Unlike NICE CXone or Genesys Cloud reports, which usually normalize AI calls into legacy contact-center columns, FutureAGI keeps evaluator scores attached to the same trace and dataset run that produced them.

How to Measure Contact Center KPIs

Contact-center KPIs split into legacy and AI-tier signals:

  • Legacy KPIs: AHT, ASA, abandonment, occupancy, utilization, FCR, CSAT, NPS, CES — owned by your CCaaS or WFM platform.
  • ConversationResolution: AI-tier resolution rate; the closest analog to FCR for AI-handled calls.
  • IsCompliant: per-call rubric pass rate against named policies.
  • ASRAccuracy: transcription fidelity, gating downstream rubric scores.
  • Deflection rate (dashboard signal): share of AI-handled calls without human handoff.
  • Per-evaluator pass rate by cohort: the canonical AI-side regression alarm.
from fi.evals import ConversationResolution, IsCompliant, ASRAccuracy

scores = {
    "resolution": ConversationResolution().evaluate(conversation=transcript).score,
    "compliance": IsCompliant().evaluate(output=transcript, policy="recording-disclosure").score,
    "asr": ASRAccuracy().evaluate(audio_path=call.audio, reference_text=ground_truth).score,
}

Common mistakes

  • Reporting AHT for the AI cohort without resolution. Fast does not equal good; pair AHT with ConversationResolution.
  • Two separate scorecards for AI and human cohorts. Leadership needs one comparable view; map AI evaluators to legacy KPI semantics.
  • Sampling AI quality scoring. AI lets you score 100% of calls; sampling defeats the point.
  • No threshold and alert on rubric drops. A KPI that falls 8 points and doesn’t page is a vanity dashboard.
  • Letting CSAT lag the AI scorecard. Survey CSAT trails by hours or days; evaluator-based KPIs catch regressions earlier.

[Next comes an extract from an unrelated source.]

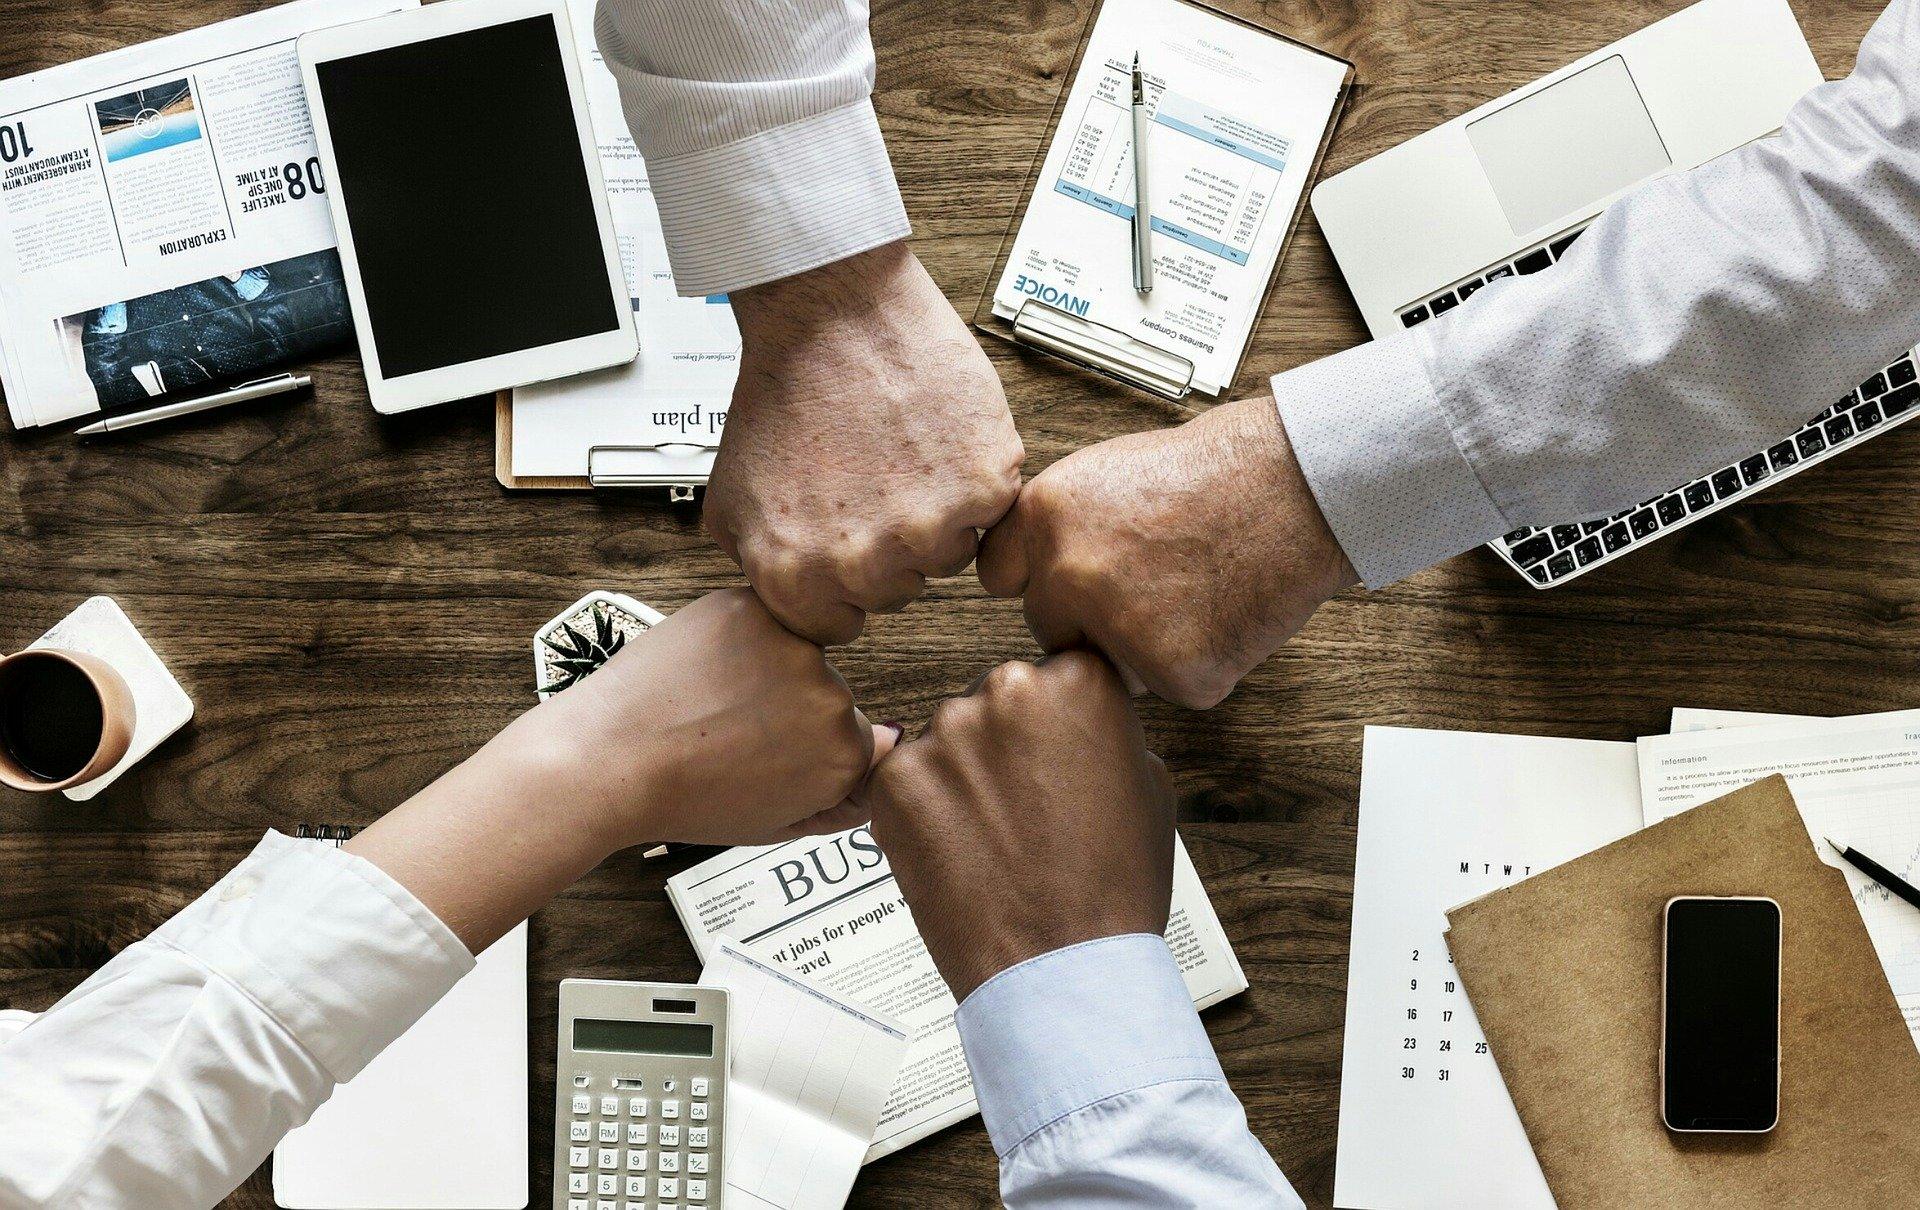 Unser Versprechen an unsere Kunden und Partner: Qualität und Nachhaltigkeit bei Warehousing1
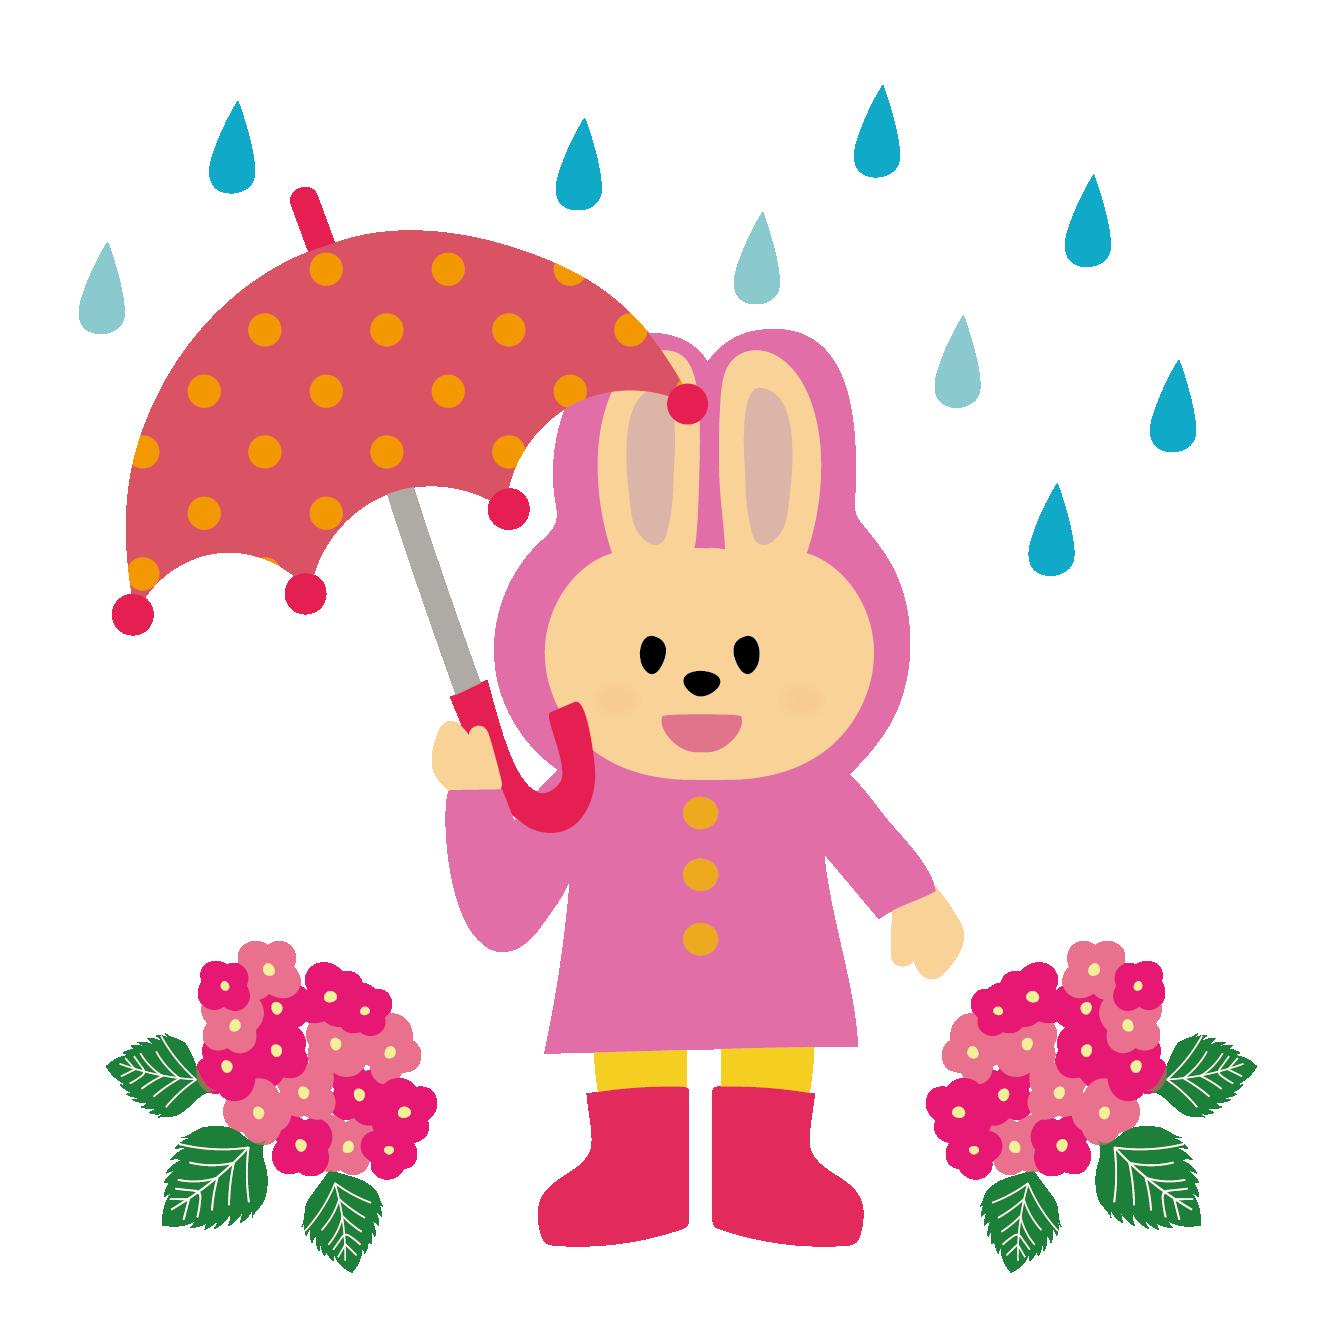 ピンクのレインコートを着たうさぎのイラスト【梅雨】

Frequently Asked Questions

What is a contact center KPI?

A contact center KPI is a measurable signal that captures service, quality, efficiency, or cost goals. Standard KPIs include AHT, ASA, abandonment rate, occupancy, FCR, CSAT, NPS, and CES.

What KPIs change when an AI agent fronts the contact center?

Legacy KPIs (AHT, hold, FCR) still apply but get joined by AI-specific KPIs: deflection rate, escalation reason, hallucination rate, per-rubric pass rate, and trajectory-level resolution. Both cohorts should report on a unified scorecard.

Does FutureAGI replace contact-center KPI dashboards?

No. FutureAGI extends the KPI surface for the AI tier — ConversationResolution, IsCompliant, ASRAccuracy, and traceAI voice spans — and feeds those signals into existing WFM and CCaaS dashboards.